I found a tragic common ground between your travails and Moshkito's; between you and everyone else who stood at the precipice of the computer age, foolishly convinced that this amazing new technology was here to work hand-in-glove with - to enhance - the existing technologies, like print, upon which human civilization had been built. 
...

Hi,

Dad passed away in 1979 ... at that time, publishing was still huge ... and as I said, mom published even more than he did in his lifetime of his work!

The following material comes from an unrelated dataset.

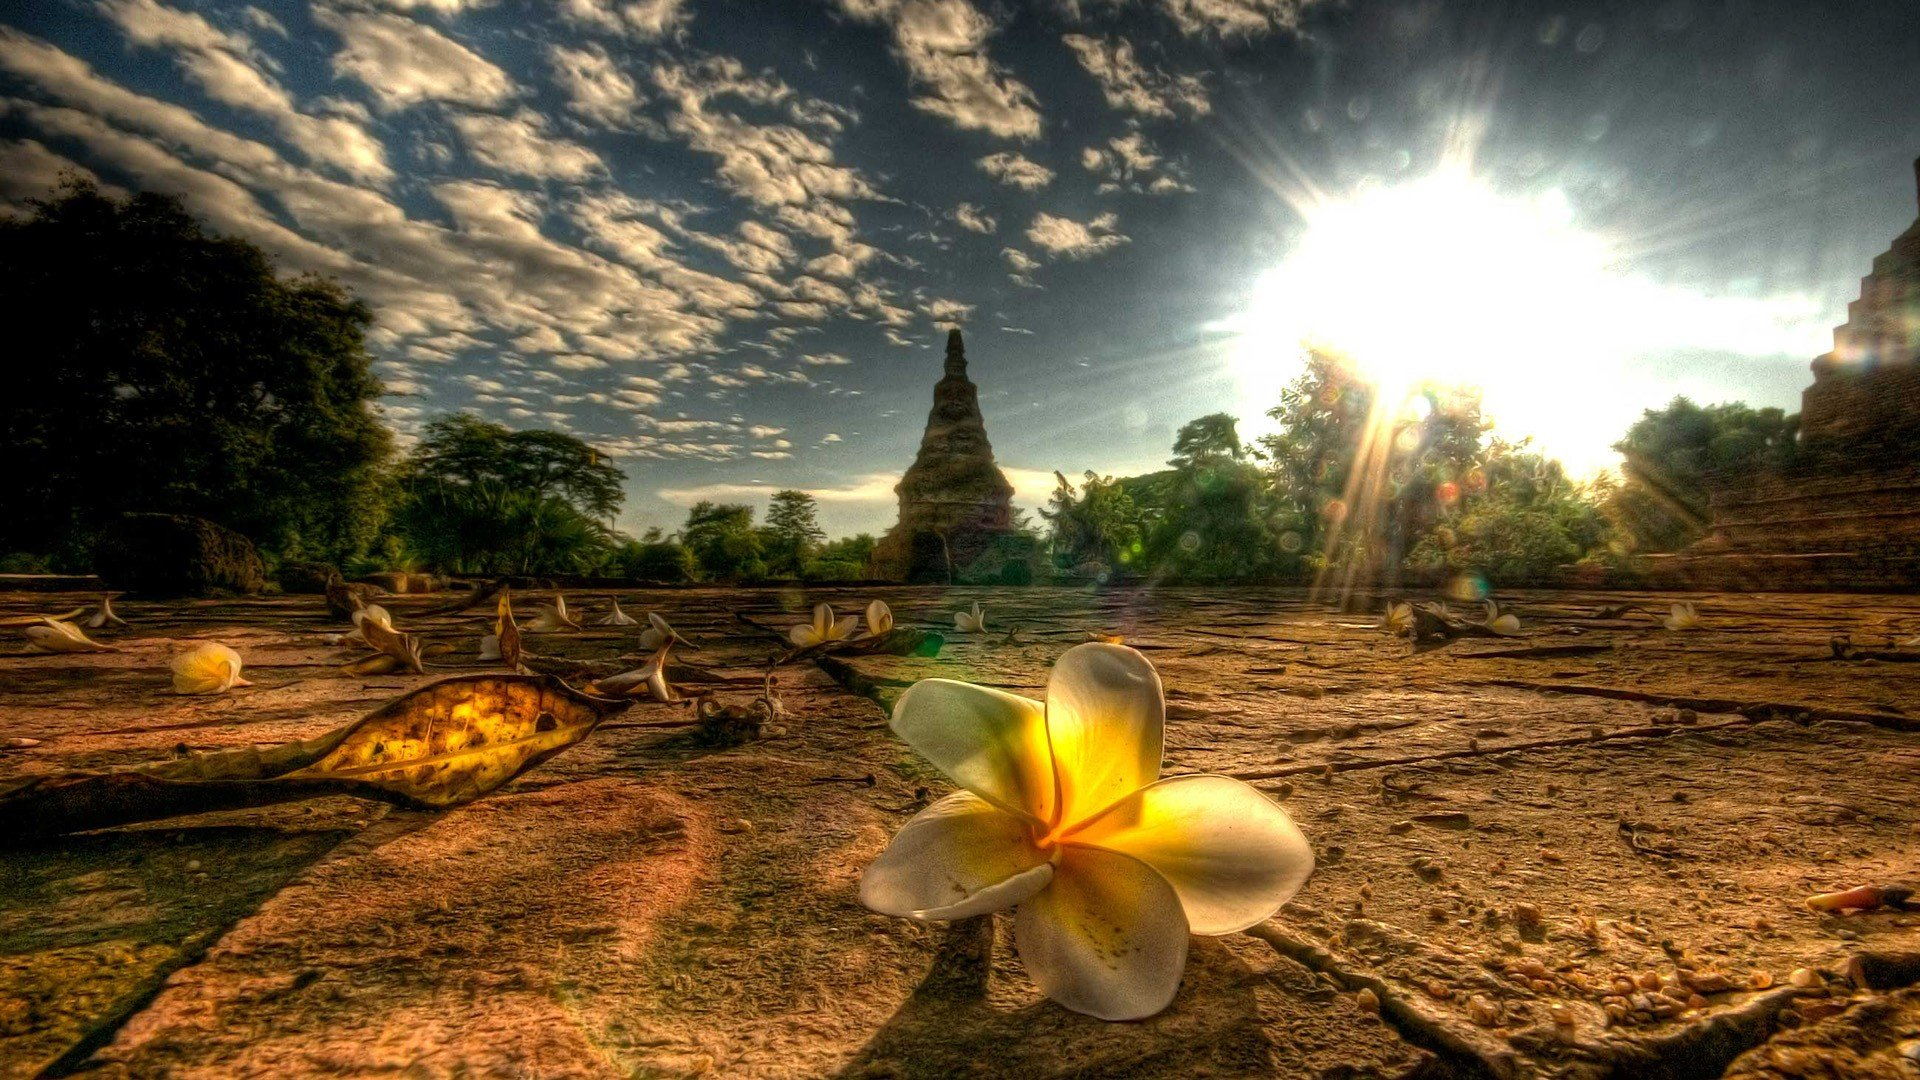 43 Thailand Wallpaper Desktop On Wallpapersafari

Dad knew about the "new" everything ... he was listening (for example) to a lot of modern music Stockhausen, Tomita, Carlos, Russell and many others as well, and I think he knew that the understanding of these things changed every so often from his studies, but seeing the "internet" some 10 years before it even got around ... is another story! AND, his library, if you check it, has a lot of works and names that one will not find, as I said ... index'ed anywhere ... and that is a statement about the "NOW" (at that time) that we are missing, specially today!

PS: The one that would not take on the computer/internet was my mom ... even if I tried to get her a Portuguese keyboard and setup a computer with Windows in Portuguese ... she would not let go of her Smith-Corona! 

I would like to see more "scholarly" work done on "Progressive Music" and a bit less of the popular thing ... but so many of the folks here are here because of the popular thing ... not because the music is better ... since there are many things out there that are "better", but will never get a chance to be heard!